The dataset for a chatbot is a JSON file that has disparate tags like goodbye, greetings, pharmacy_search, hospital_search, etc. Every tag has a list of patterns that a user can ask, and the chatbot will respond according to that pattern.

Project File Structure

Train_chatbot.py — In this file, we will build and train the deep learning model that can classify and identify what the user is asking to the bot.

Gui_Chatbot.py — This file is where we will build a graphical user interface to chat with our trained chatbot.

Intents.json — The intents file has all the data that we will use to train the model. It contains a collection of tags with their corresponding patterns and responses.

Chatbot_model.h5 — This is a hierarchical data format file in which we have stored the weights and the architecture of our trained model.

Classes.pkl — The pickle file can be used to store all the tag names to classify when we are predicting the message.

Words.pkl — The words.pkl pickle file contains all the unique words that are the vocabulary of our model.

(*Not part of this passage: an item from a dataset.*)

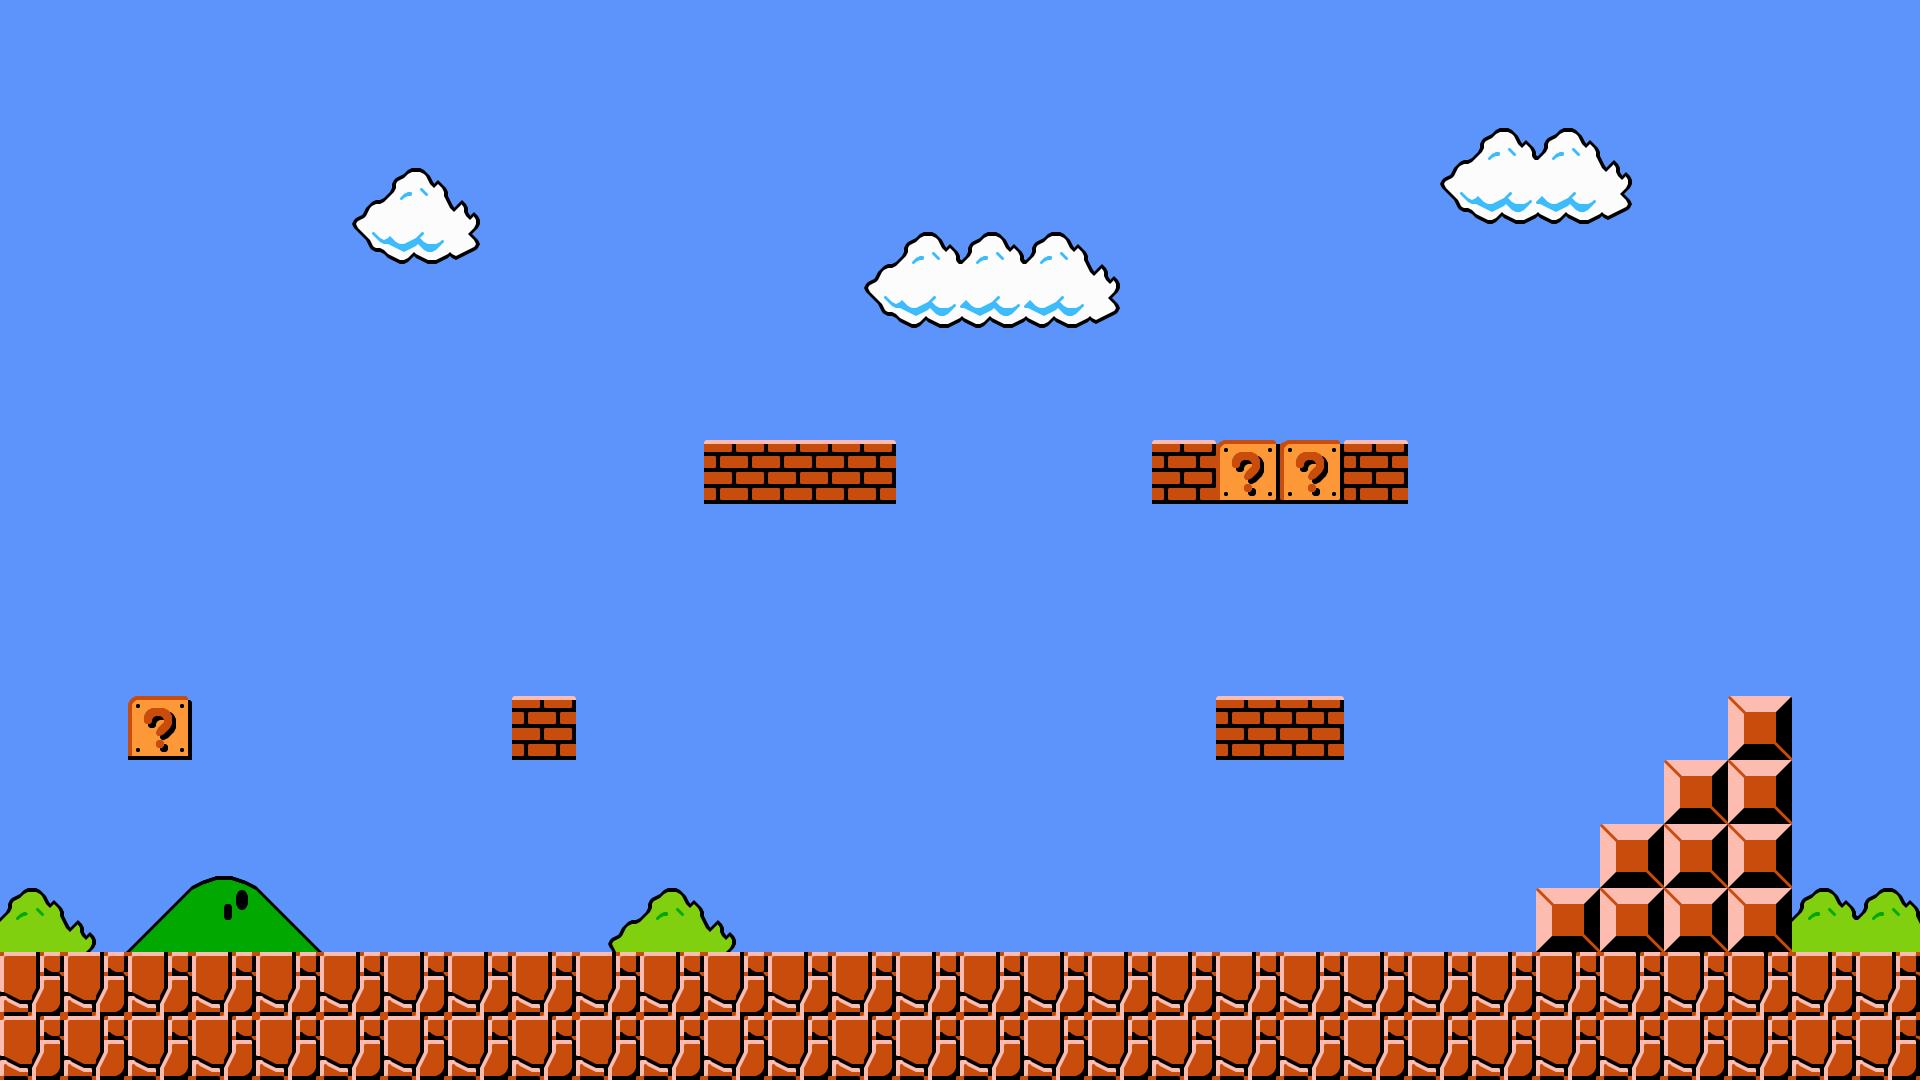 Super Mario Bros 1 1 Wallpaper Hd Flat By Wougie89 On Deviantart

We can summerize the building of this chatbot in 5 steps:

Step 1. Import Libraries and Load the Data
Step 2. Preprocessing the Data (lowercase , tokenization and lemetization )
Step 3. Create Training and Testing Data
Step 4. Training the Model

The architecture of our model will be a neural network consisting of 3 dense layers. The first layer has 128 neurons, the second one has 64 and the last layer will have the same neurons as the number of classes. The dropout layers are introduced to reduce overfitting of the model. We have used the SGD optimizer and fit the data to start the training of the model. After the training of 200 epochs is completed, we then save the trained model using the Keras model.save(“chatbot_model.h5”) function.

Step 5. Interacting With the Chatbot

Our model is ready to chat, so now let’s create a nice graphical user interface for our chatbot in a new file. name of the file is gui_chatbot.py In our GUI file, we will be using the Tkinter module to build the structure of the desktop application and then we will capture the user message and again perform some preprocessing before we input the message into our trained model. The model will then predict the tag of the user’s message, and we will randomly select the response from the list of responses in our intents file.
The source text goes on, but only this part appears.